The difference between pilgrims and stateless people is this: pilgrims are journeying towards a destination. They have hope. Those of us who look forward this season to a celebration of the coming of our King are those who have gained a citizenship, a nationality, a home. We are not home yet, but we have all the rights of citizens and the identity of those who belong to somewhere and someone – we have a people and a family. But we are still residents of strange land. We are aliens yearning for the home none of us have ever seen. How do we live well in this tension? Do we buckle down, huddle together and ride it out? Do we blend in to the full extend we can, working the systems of this world to our advantage whenever and however we can?

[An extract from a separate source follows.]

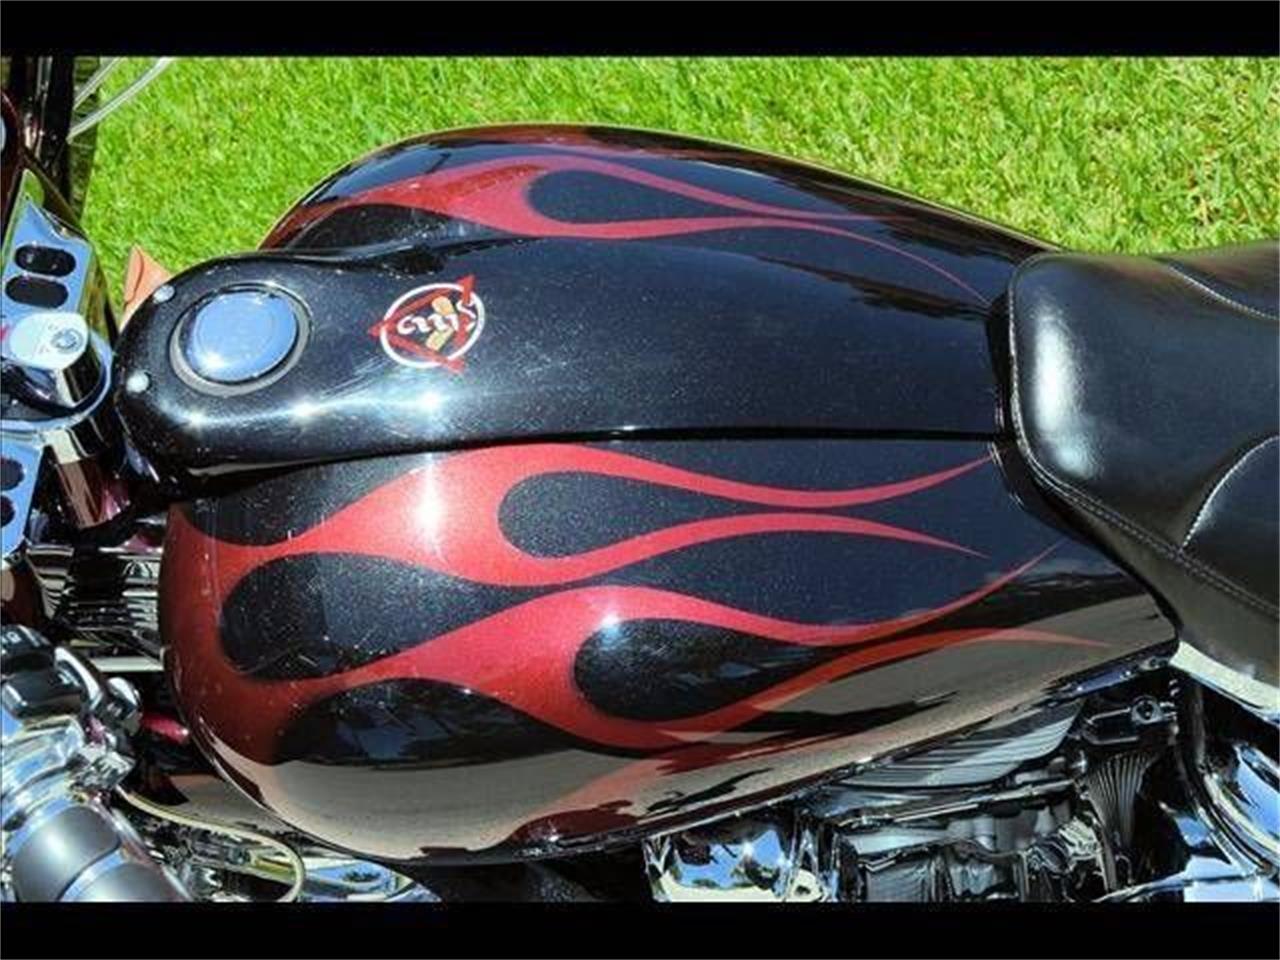 2004 Harley-Davidson Motorcycle for sale in Cadillac, MI – photo 6

Jeremiah had a word for God’s people carried away to Babylon about how to live appropriately in exile. He told them to build houses and plant gardens, marry and have children, and to seek the peace and prosperity of the city they had been exiled to. This was not the message the exiles were hoping for! It implied years of living among the Babylonians, away from home; years of tension, waiting, displacement.

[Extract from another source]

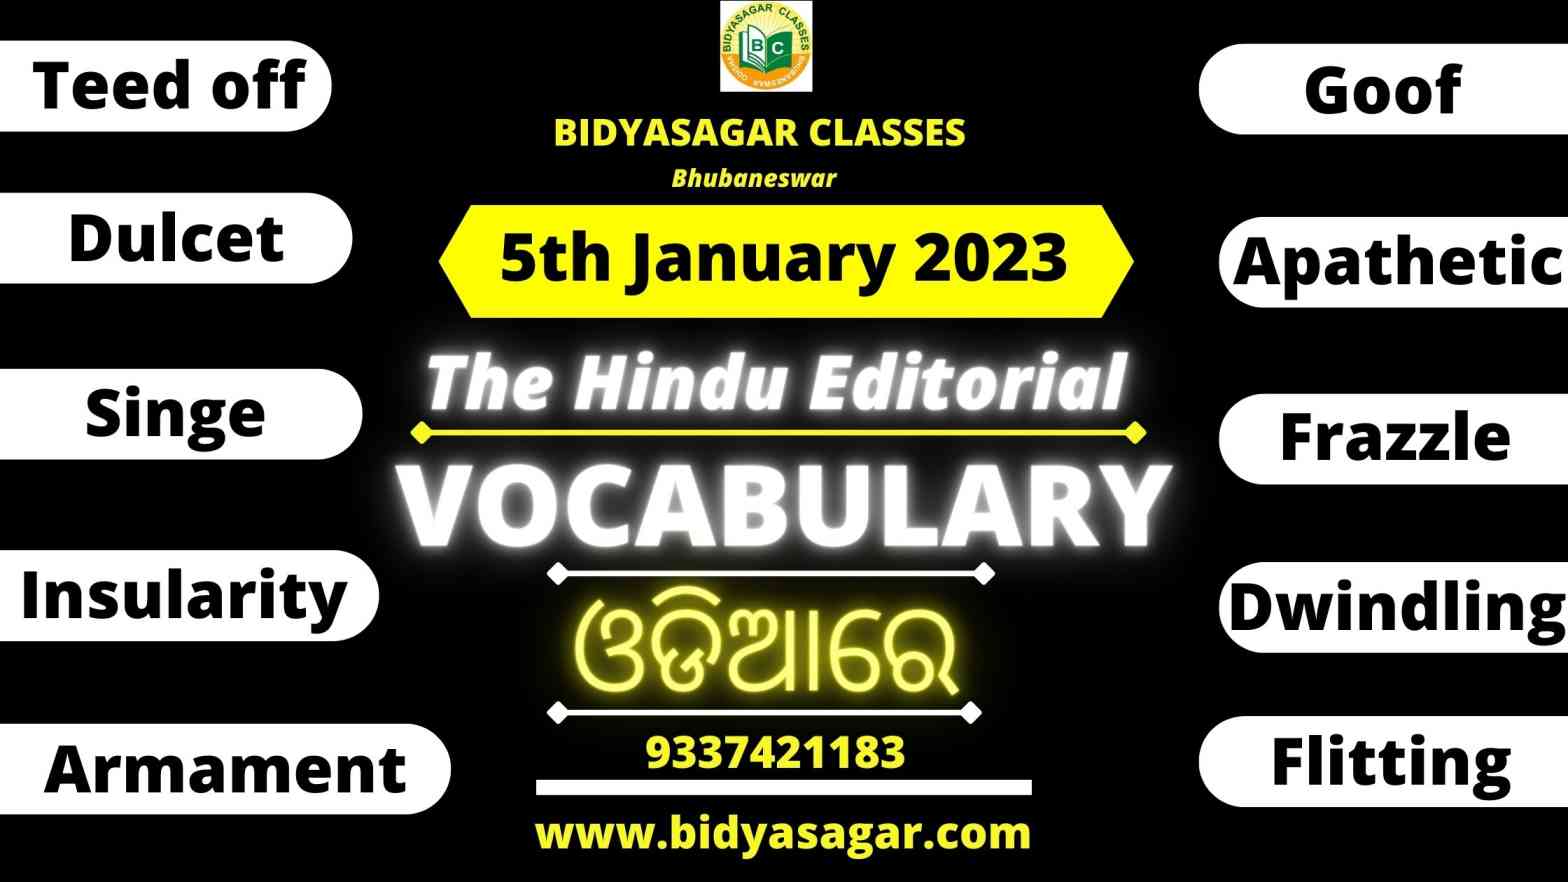 The Hindu Editorial Vocabulary of 5th January 2023

Centuries later a young woman burdened with an unplanned pregnancy gave birth to a baby boy far from her home – and even farther from his. From the ignoble beginnings in a stable they would flee to Africa to escape a massacre. There Jesus would begin his human life doubly displaced, away from his ultimate home and without a human home. He says later of himself, “the Son of Man has no place to lay his head.”

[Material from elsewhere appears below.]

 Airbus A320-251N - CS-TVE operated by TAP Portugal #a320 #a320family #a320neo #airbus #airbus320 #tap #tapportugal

The author of Hebrews says to his audience:

By faith Abraham, when called to go to a place he would later receive as his inheritance, obeyed and went, even though he did not know where he was going. By faith he made his home in the promised land like a stranger in a foreign country; he lived in tents, as did Isaac and Jacob, who were heirs with him of the same promise. For he was looking forward to the city with foundation, whose architect and builder is God. … All these people were still living by faith when they died. They did not receive the things promised; they only saw them and welcomed them from a distance. And they admitted that they were aliens and strangers on earth. People who say such things show that they are looking for a country of their own. If they had been thinking of the country they had left, they would have had opportunity to return. Instead, they were longing for a better country – a heavenly one. Therefore God is not ashamed to be called their God, for he has prepared a city for them.
Hebrews 11: 8-10, 13-16

Notice the actions of the faithful mentioned in the passage: they look for, see and welcome from a distance that which is promised; they admit that they are aliens and strangers on earth; and they long for something, somewhere, better.

Faithful pilgrims, then, anticipate and imagine, that which no one has seen. We believe that God will do what he has promised. Faithful pilgrims say aloud, to one another and to the world around us, that we don’t belong here. We remind ourselves that we shouldn’t expect to be comfortable here, to find perfect peace or justice or joy or beauty in this place. We are not discouraged or disillusioned because we know that while oppression and loneliness, violence and grief are inevitable in this country, there is a country to look forward to. And so we long for the promise to be fulfilled.

Christians during Advent really rehearse those character traits which are to set us apart from our neighbors. One of these is hope. We are neither pessimists nor cynics; we are neither optimists nor idealists. We are a hopeful people who know to whom we belong and that God’s promises are more solid than those “realities” that mark our current lives. Our hope is not a private coping mechanism but a public declaration: “The Christian is liberated from fear about his own future in order to care about the fear and struggles of others. Hope is not merely a private matter, for the scope of God’s kingdom is universal.”1 We are hopeful pilgrims, inviting the displaced in the world to join the pilgrimage.


Notes
1 New Dictionary of Theology. Ferguson, Sinclair B., Editor. InterVarsity Press, 1988.

Lucy Meade is a former military brat who grew up in England and Nebraska. After four years in Belarus, she is now in Madison, Wisconsin with InterVarsity, where she is working in the Urbana 06 program development process.